Skewness

Summary

  • The mean, median and mode are all measures of the center of a set of data. The skewness of the data can be determined by how these quantities are related to one another
  • By studying the shape of the data we can discover the relation between the mean, median and mode
  • Pearson’s first method uses mode and it’s formula is: { S }_{ K }\quad =\quad \frac { mean\quad -\quad mode }{ standard\quad deviation }
  • The second formula of skewness uses the median and is denoted by: { S }_{ K }\quad =\quad \frac { 3(mean\quad -\quad median) }{ standard\quad deviation }
  • Bowley’s method of measuring skewness by quartiles is: { S }_{ K }(B)\quad =\quad \frac { { Q }_{ 3 }\quad +\quad { Q }_{ 1 }\quad -\quad 2{ Q }_{ 2 } }{ { Q }_{ 3 }\quad -\quad { Q }_{ 1 } }

To recall, we studied in the previous chapter of ‘Averages’ about the mean, median and mode and how we find them using different formulas.

We said that in general these do not give the same numerical value for a given set. However, if we do find that all three give the same numerical value then the data is known as symmetrical data. Hence it can be said that this is a good way to verify whether the dataset is symmetric or not.

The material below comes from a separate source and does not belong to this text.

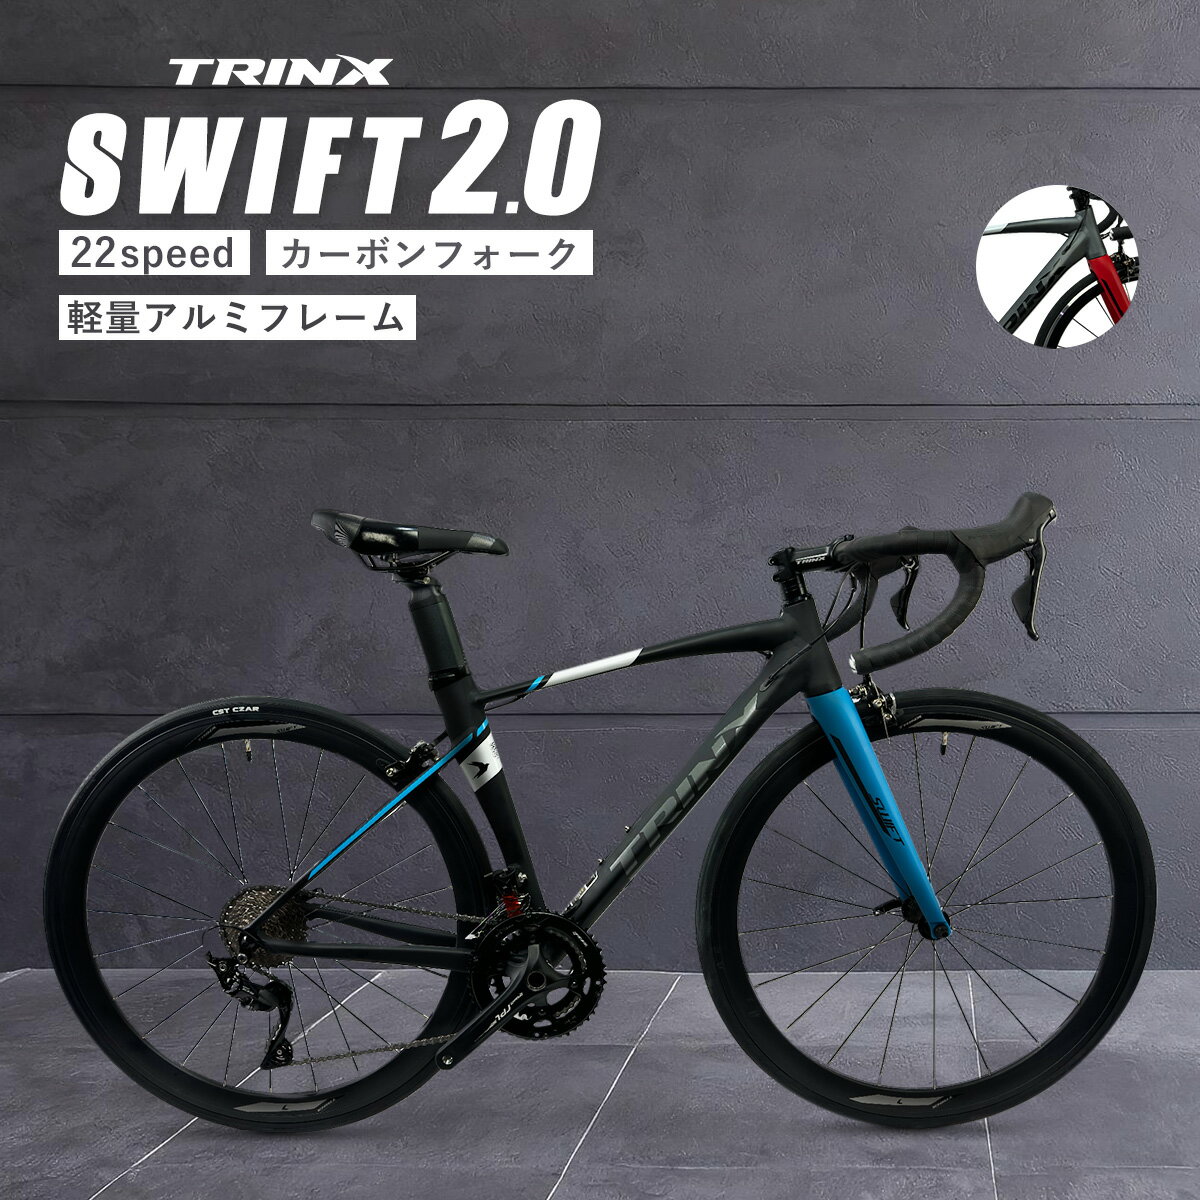 【5月30日限定★ポイント5倍】本格派ロードバイク レース 入門からレース・競技用として TRINX SWIFT 自転車 カーボン シマノ 22段変速 700c サイクリング

There are other type of dataset is known as asymmetrical data. Asymmetrical distributions are skewed where skewness measures the departure from symmetry.

If the mean > median it indicates that the distribution is positively skewed.
If the mean is < median it indicates that the distribution is negatively skewed.

We can also measure the skewness of the data using Karl Pearson’s measure of skewness, he developed two methods to find skewness in a sample.

The first method uses mode and it’s formula:

{ S }_{ K }\quad =\quad \frac { mean\quad -\quad mode }{ standard\quad deviation } \quad =\quad { S }_{ K }\quad =\quad \frac { \bar { X } \quad -\quad { M }o }{ \sigma }

However, this method is not considered very stable in data’s where mode is made up of too few pieces as it won’t be considered a very strong measure of central tendency.

For example in the first data set below 8 only occurs twice, so while using Pearson’s first formula of skewness you have to be cautioned as it won’t be a good measure of central tendency. However in the second set you can see that 8 appears ten times thus, you can use the Pearson’s measure of skewness as you know it will give you a more stable and reliable result.

Set 1 = [1, 2, 3, 4, 5, 8, 7, 8]

Set 2= [1, 5, 6, 7, 8, 8, 8, 8, 8, 8, 8, 8, 8, 8]

Moreover, Pearson’s second formula of skewness uses the median and is denoted by:

{ S }_{ K }\quad =\quad \frac { 3(mean\quad -\quad median) }{ standard\quad deviation } \quad =\quad \frac { 3(\bar { x } \quad -\quad Md) }{ \sigma }

Karl Pearson’s coefficient of skewness lies between -3 and +3.

If SK = 0 then we can say that the frequency distribution is normal and symmetrical.
If SK < 0 then we can say that the frequency distribution is negatively skewed.
If SK > 0 then we can say that the frequency distribution is positively skewed.

Example #1

Q. The age (in years) of 6 randomly selected students from a class are:

[22, 25, 24, 23, 24, 20]

Find the Karl Pearson’s coefficient of skewness.

Solution:

STEP#1

We will first find the mean.

REMEMBER: For mean we first add all the data together and then divide it by the total number of numbers.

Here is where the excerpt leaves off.